Dose Normalized Pharmacokinetics of 6-keto-Prostacyclin F1alpha at 4 ng/kg/Min
Time Frame: Day 1
The plasma concentration for the epoprostenol metabolite 6-keto-Prostacyclin F1alpha was measured at 4 ng/kg/min just prior to the next up-titration. Dose-normalized concentrations are used to summarize the results.
Six-minute Walk Distance (6MWD) - Baseline and Day 28
Time Frame: Baseline and 28 days (+3 days)

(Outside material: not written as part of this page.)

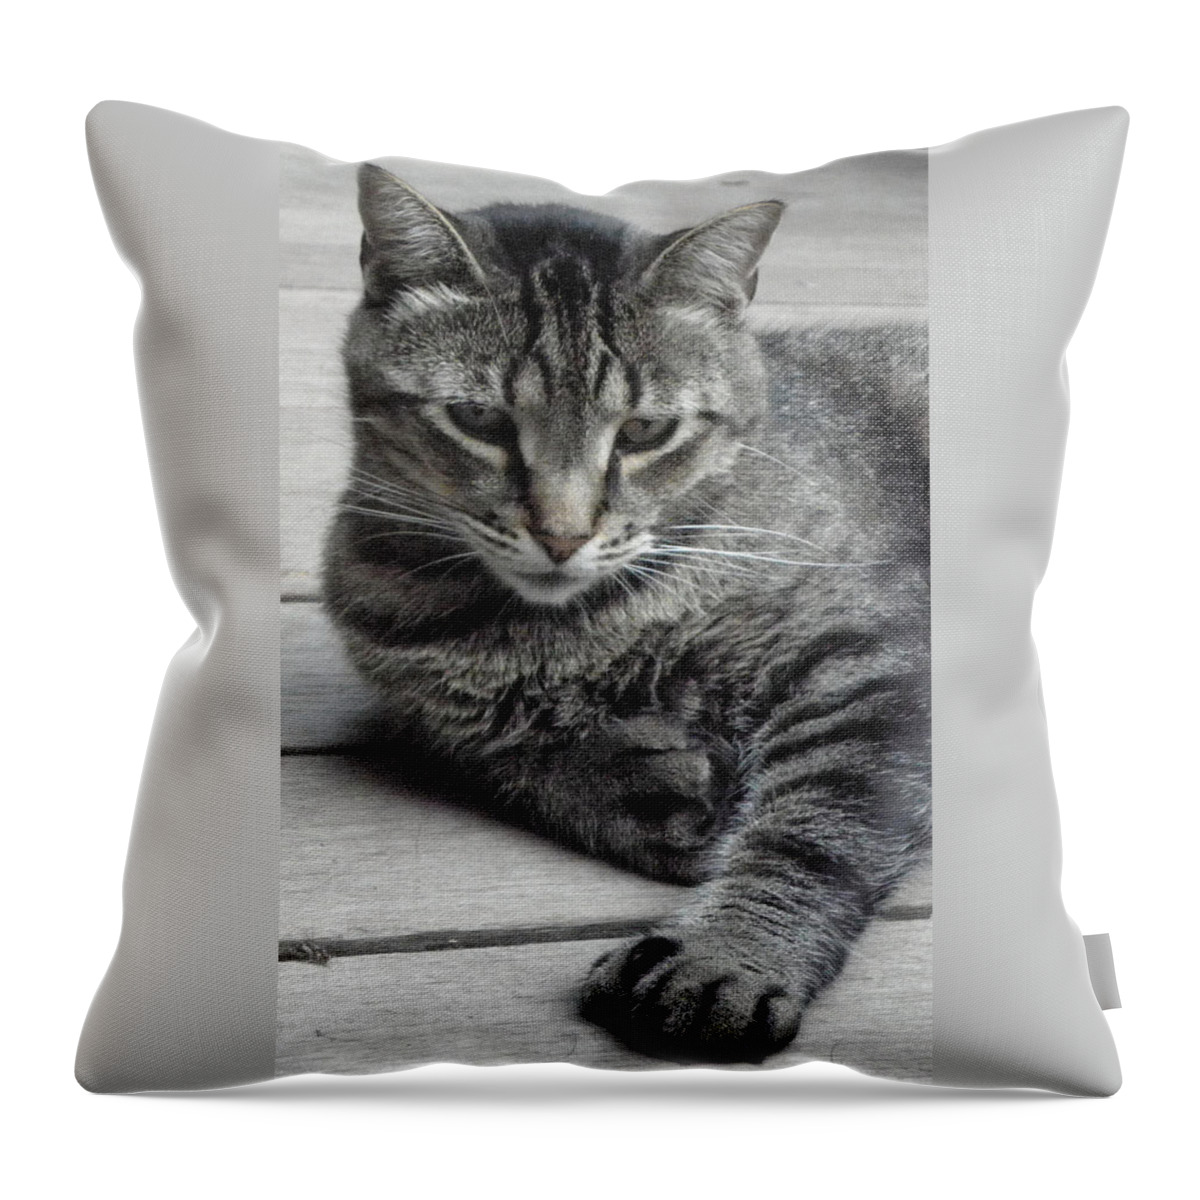 Cat Throw Pillow featuring the photograph Cisco And His Big Feet by Kim Galluzzo Wozniak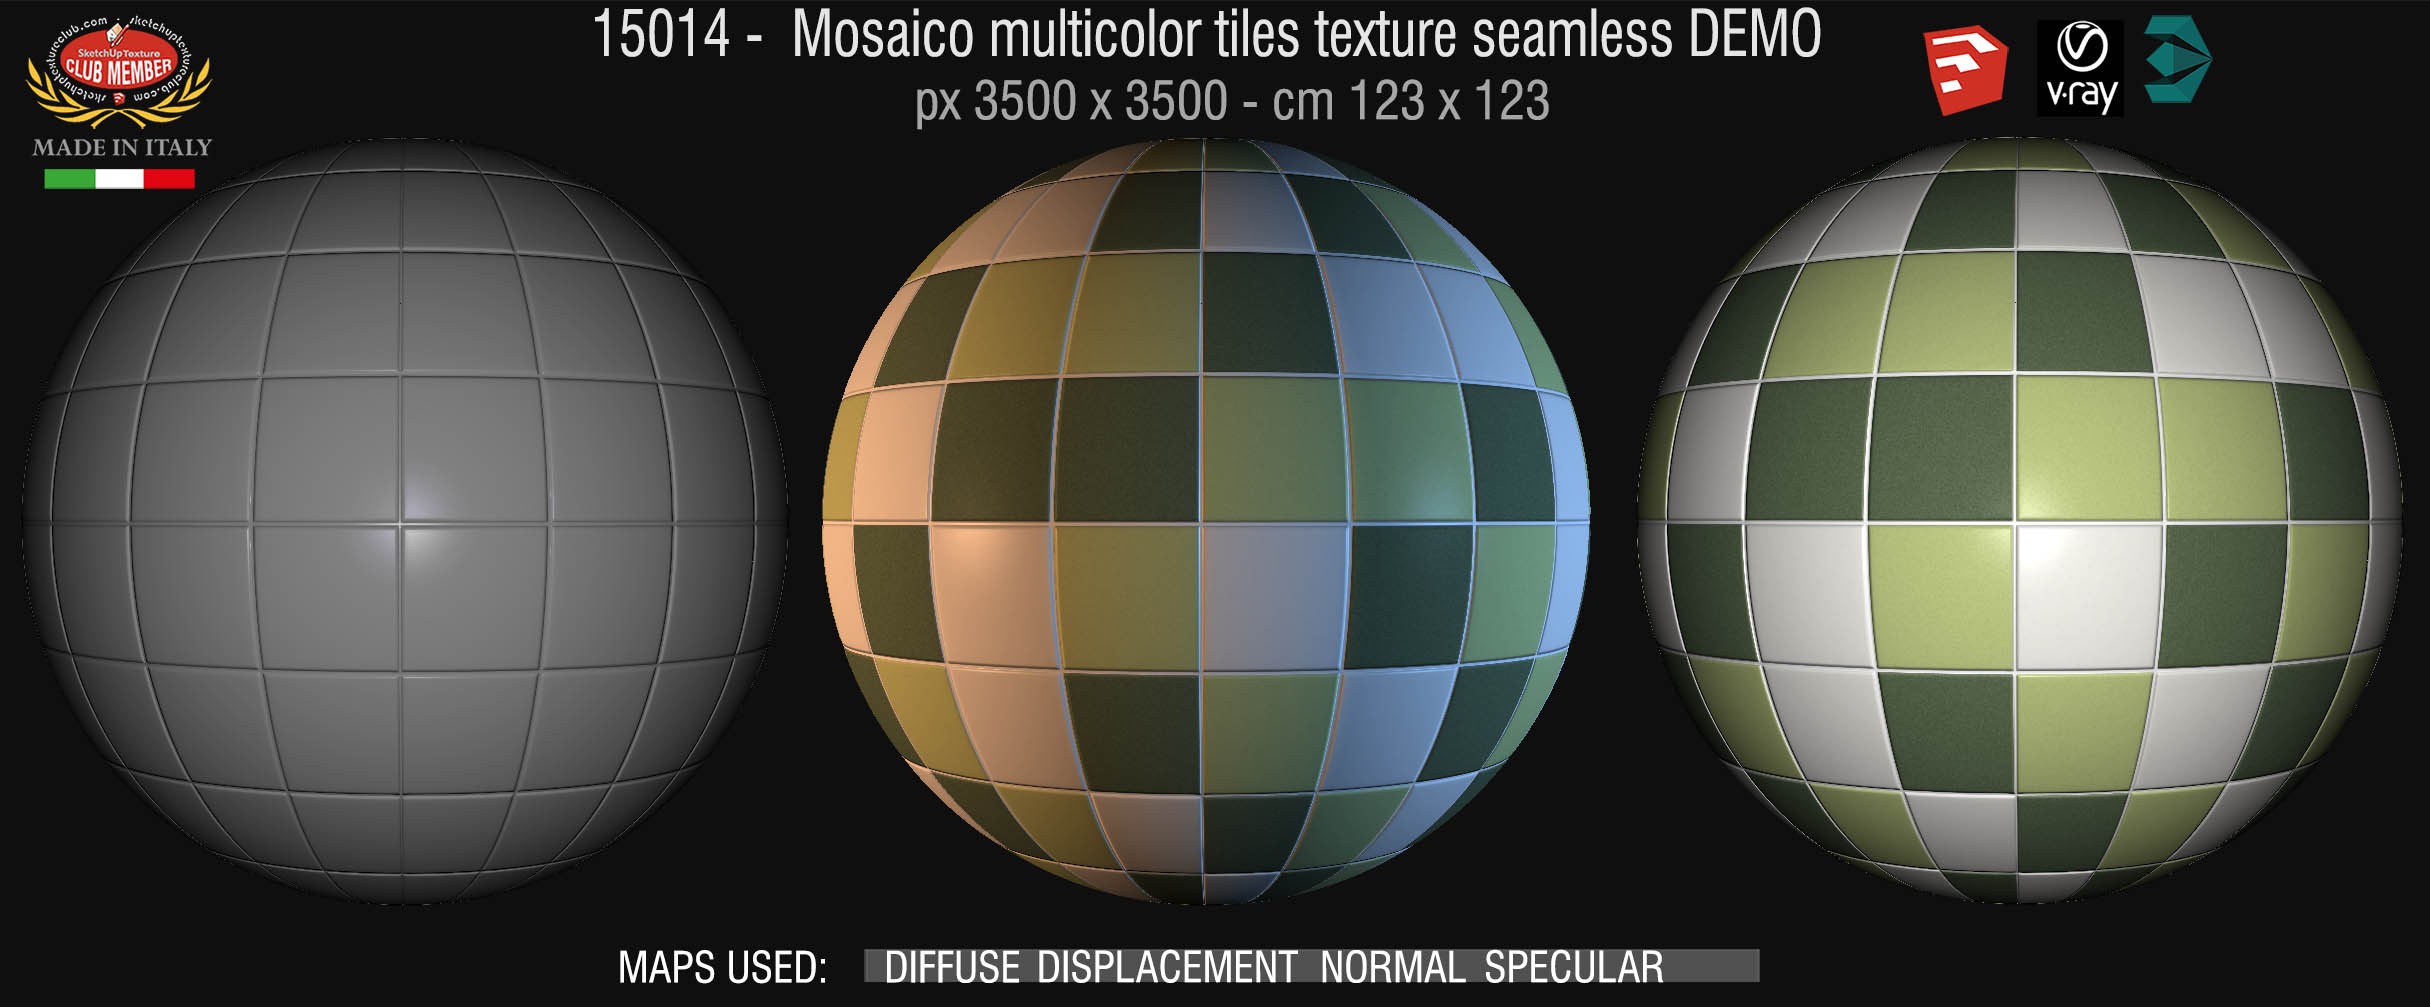 15014 Mosaico multicolor tiles texture seamless + maps DEMO

The 6-minute walk test (6MWT) was to be performed prior to initiating study treatment either during the screening visit or on Day 1 prior to drug initiation, and Day 28 (End of treatment (EOT)). This assessment is a non-encouraged test that measures the distance walked for a duration of 6 minutes. The 6MWD was recorded in the Case Report Form (CRF).
Patients With New York Heart Association (NYHA) Functional Class Change (Improved or Worsened) From Baseline to Day 28
Time Frame: From baseline to 28 days (+3 days)
Disease severity was assessed by NYHA classification of PAH criteria: Class I: no limitation of physical activity (PA). Ordinary PA: no undue dyspnea/fatigue, chest pain, near syncope. Class II: slight limitation of PA. Comfortable at rest. Ordinary PA: undue dyspnea/fatigue, chest pain, near syncope. Class III: marked limitation of PA. Comfortable at rest. Less than ordinary PA: undue dyspnea/fatigue, chest pain, near syncope. Class IV: inability to carry out PA without symptoms. Right heart failure. Dyspnea/fatigue may even have been present at rest. Discomfort increased by any PA.
Percentage Central Venous Blood Oxygen Saturation (ScVO2) - Baseline and Day 28
Time Frame: Baseline and 28 days
Central venous blood oxygen saturation assessment was performed only in specific centers. Measurements for ScVO2 were performed during the inpatient hospitalization period on Day 1 (prior to drug initiation) and on Day 28 (EOT). Samples for ScVO2 were obtained by aspirating blood from the indwelling central venous catheter. After the sample had been drawn, the catheter was primed with study drug in order to refill the lumen to avoid interruption in treatment and sudden decompensation.
Blood Pressure - Baseline and Day 28
Time Frame: Baseline and 28 days
Blood pressure (systolic and diastolic) were measured indirectly using an automatic oscillometric device, on the same arm for each measurement. The Blood Pressure was assessed at baseline and at Day 28 (End of Study Treatment visit).
Heart Rate - Baseline and Day 28
Time Frame: Baseline and 28 days
Heart rate was measured indirectly using an automatic oscillometric device, on the same arm for each measurement. The Heart Rate was assessed at Baseline and at Day 28 (End of Study Treatment visit).
Body Weight - Baseline and Day 28
Time Frame: Baseline and 28 days
Body weight was measured both at baseline and day 28.